CSR特集(4)/CSRに取り組む検査機関

2019年12月11日 (水曜日)

 CSR(企業の社会的責任)はサステイナビリティー(持続可能性)の潮流が強まるほど重視される。特に繊維は複雑で長い工程が特徴であり、その責任はサプライチェーン全体に及ぶ。商品の安全性から環境配慮、さらに労働環境や人権問題まで幅広い。検査機関の取り組みを見る。

〈カケン/中国でCSR監査進める〉

 「サステイナビリティーは世界の潮流。環境や安全・安心は今後のキーワードになる」。カケンテストセンター(カケン)は、サステイナビリティー対応をより強化するため、テキスタイルエクスチェンジ、化学物質の環境排出に関する企業団体ZDHCに加盟している。

 テキスタイルエクスチェンジ(TE)は米テキサスに本部があり、環境配慮型の繊維・材料の環境や社会に優しい広範囲なデータ、市場分析を提供する。繊維産業のサステイナビリティーに対する標準認証の提供なども行う。ZDHCはオランダに本部を置く。有害物質ゼロを目指すロードマッププログラムを管理し、消費者、労働者、環境を保護するための持続可能な化学を推進。テキスタイル、レザー、アパレル、フットウエアなど多くの企業が加盟している。「二つに加盟することで、より多くの情報を得られる。将来的には事業化にも結び付けたい」という。

 CSR工場監査も進める。カケンの上海科懇検験服務は現地スタッフを教育して工場のCSR監査を2年ほど前から開始。IRCA(国際審査員登録機構)に準拠した免許有資格者指導を基に実施する。今後もエリアを広げていくため、他の拠点でもスタッフを育成しているところだ。
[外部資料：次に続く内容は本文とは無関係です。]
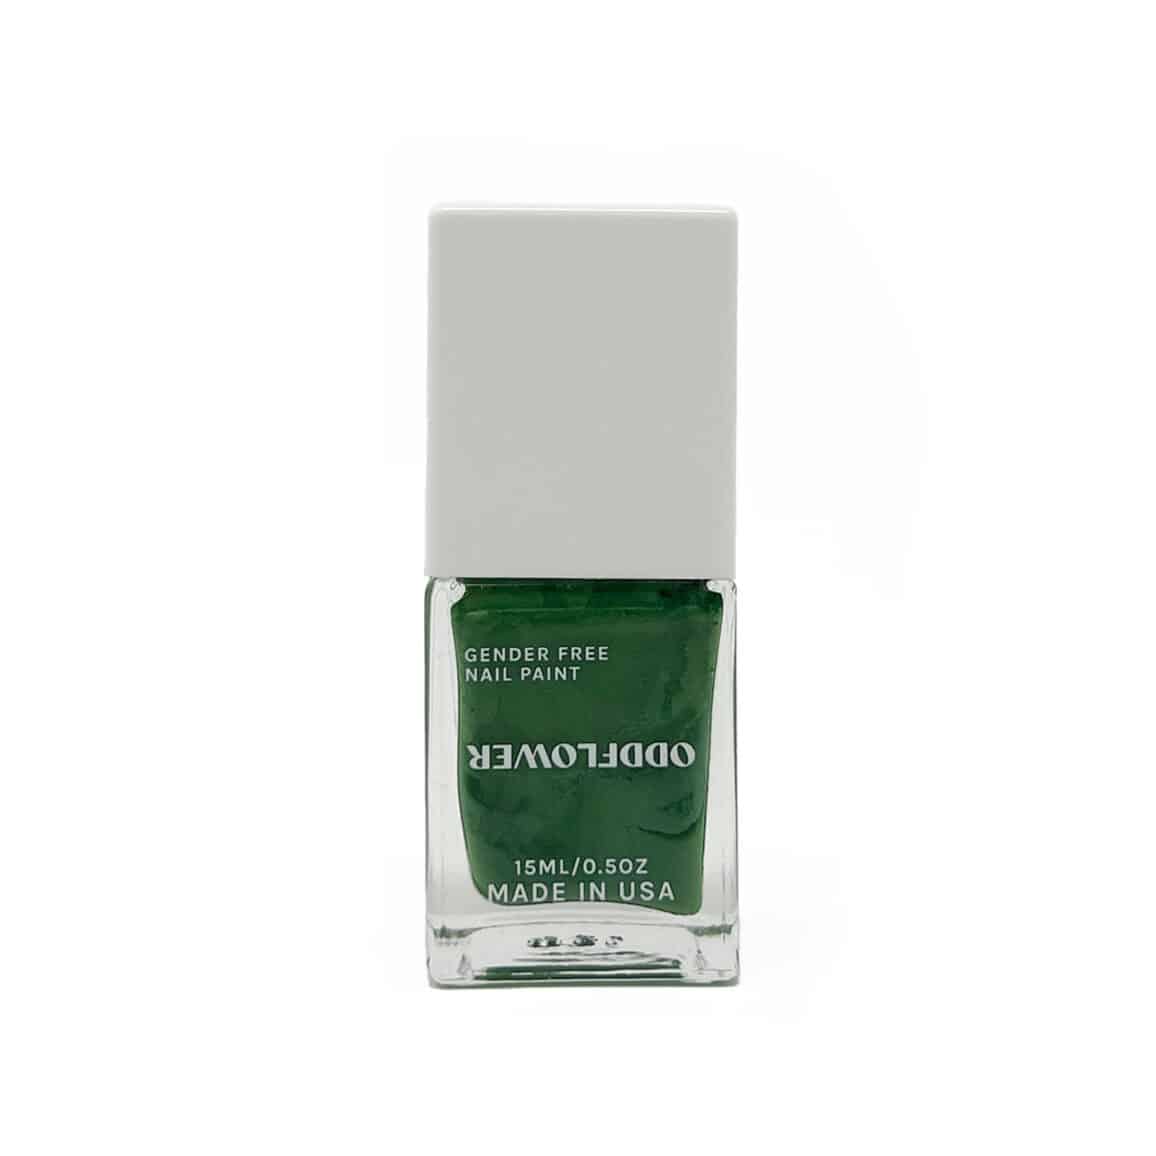 Garden green nail polish bottle

 「法令を順守し、人権を守り、公正な労働条件に配慮し、環境の保全にも努めることも企業の社会的責任になっている。CSRの基礎からCSR調達まで解説するセミナーを開くなど、情報発信も行っている」と言う。今年6月には東京、大阪、名古屋でCSRセミナーを開催。CSRの基礎から体制作り、中国労働法概要まで説明した。

〈ボーケン/持続可能な企業活動支援〉

 ボーケン品質評価機構(ボーケン)は、SDGsやサステイナビリティーが世界的な動きとなる中で、各企業の持続可能な企業活動の実現をサポートしている。「お客さまと共同で品質保証を行う会社へ」をスローガンに、SDGsに向けた課題解決に向けて取り組む。

 ボーケンは工場の製品品質を上げるQC監査を行っている。サプライチェーンの管理支援では、人権や労務管理などがきちんと行えている工場かどうかを確認するCSR監査業務も今夏から行っている。依頼企業と打ち合わせを行って作成した監査項目やチェックリストでの監査、ボーケンがあらかじめ用意した監査項目やチェックリストでの監査など、状況に応じて柔軟に対応する。増員のため、中国人スタッフを育成中。来春には上海、常州、青島の拠点からのCSR監査も予定する。

 有害物質管理の支援も行う。国内外の有害物質規制や、ZDHC、SACなどの情報収集と提供を実施。サプライチェーンを含む化学物質管理の会合や出張しての情報提供、管理の仕方についてもサポートする。アパレルおよびフットウエアに関する国際RSL管理(AFIRM、ZDHC、SACなど)についても、提携先のSGSと協力して抜取検査や製品管理を行っている。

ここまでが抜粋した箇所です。